Having identified bacterial determinants associated with the different visits and the different production lines, two predictive models were built based on random forests as proof of concept in order to establish, through the predictive character of these models, the existence of distinct microbiotas in a cutting room of a slaughterhouse. Based on the microbiota of a sample, our models were able to predict its visit number at a rate of 94% and which production line it came from at a rate of 88%. The proof of concept provided by the creation of our predictive models suggests their usage on a larger scale and their potential integration into larger surveillance systems based on blockchain technology. Using these models could be helpful in predicting the origin of a problematic sample quickly and efficiently. The predictive value of surface provenance based on a sample of the microbiota of a piece of meat remains to be explored.
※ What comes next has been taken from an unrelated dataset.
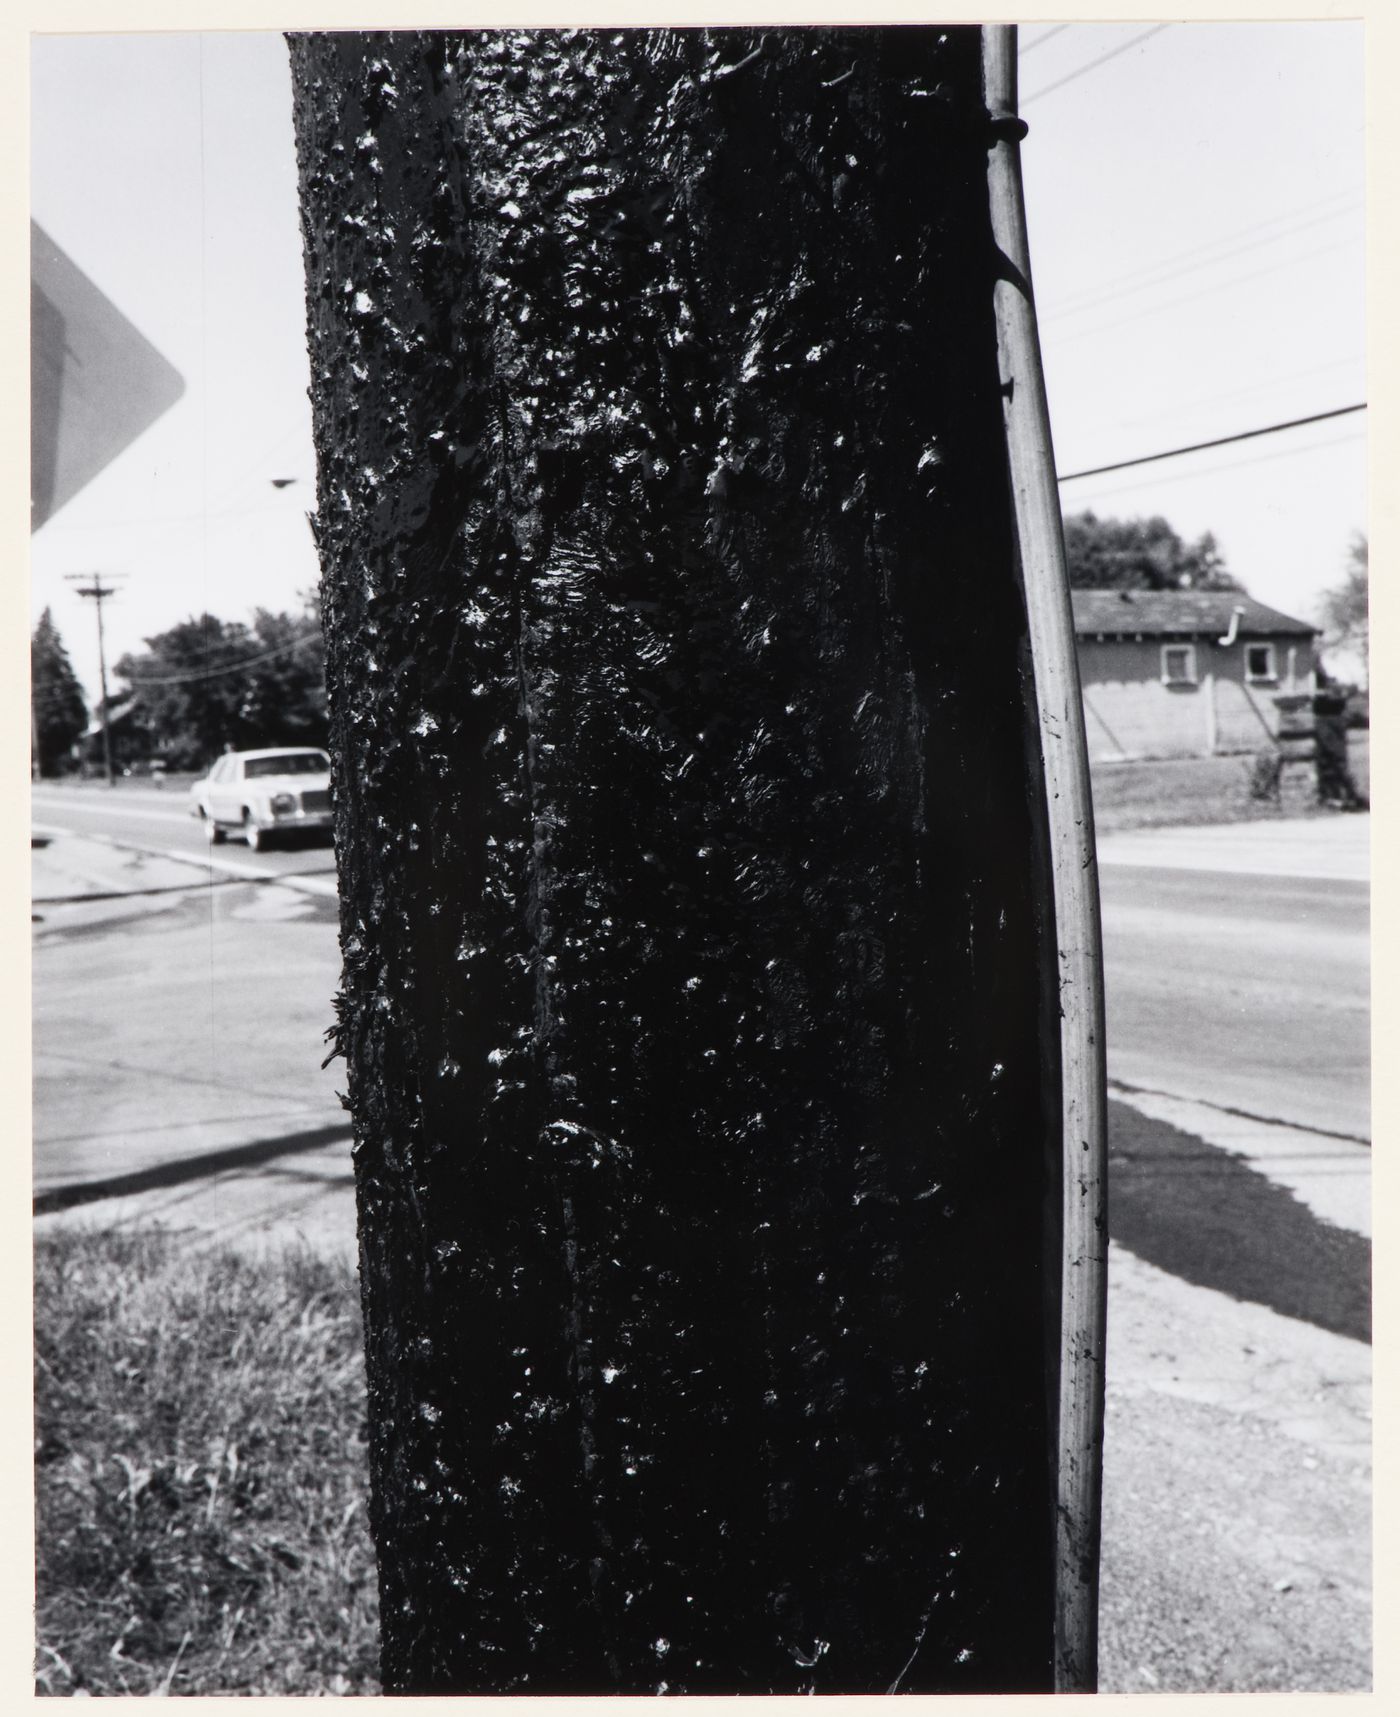 View of a utility pole showing roads, an automobile and a house in the background, New York State

We believe that the results of our study, which identified for the first time to our knowledge the presence of distinct microbiotas on contact surfaces related to the circulation of specific meat cuts, represent a crucial step in the understanding of the microbial ecology of a slaughterhouse. The distinct bacterial community dynamics which take place on the production lines in a cutting room are important in determining the microbial succession pattern that will occur and ultimately influence the quality and safety of the final meat products. Therefore, this study is a step forward in the prevention, surveillance, and control of the microbial contamination of meat products.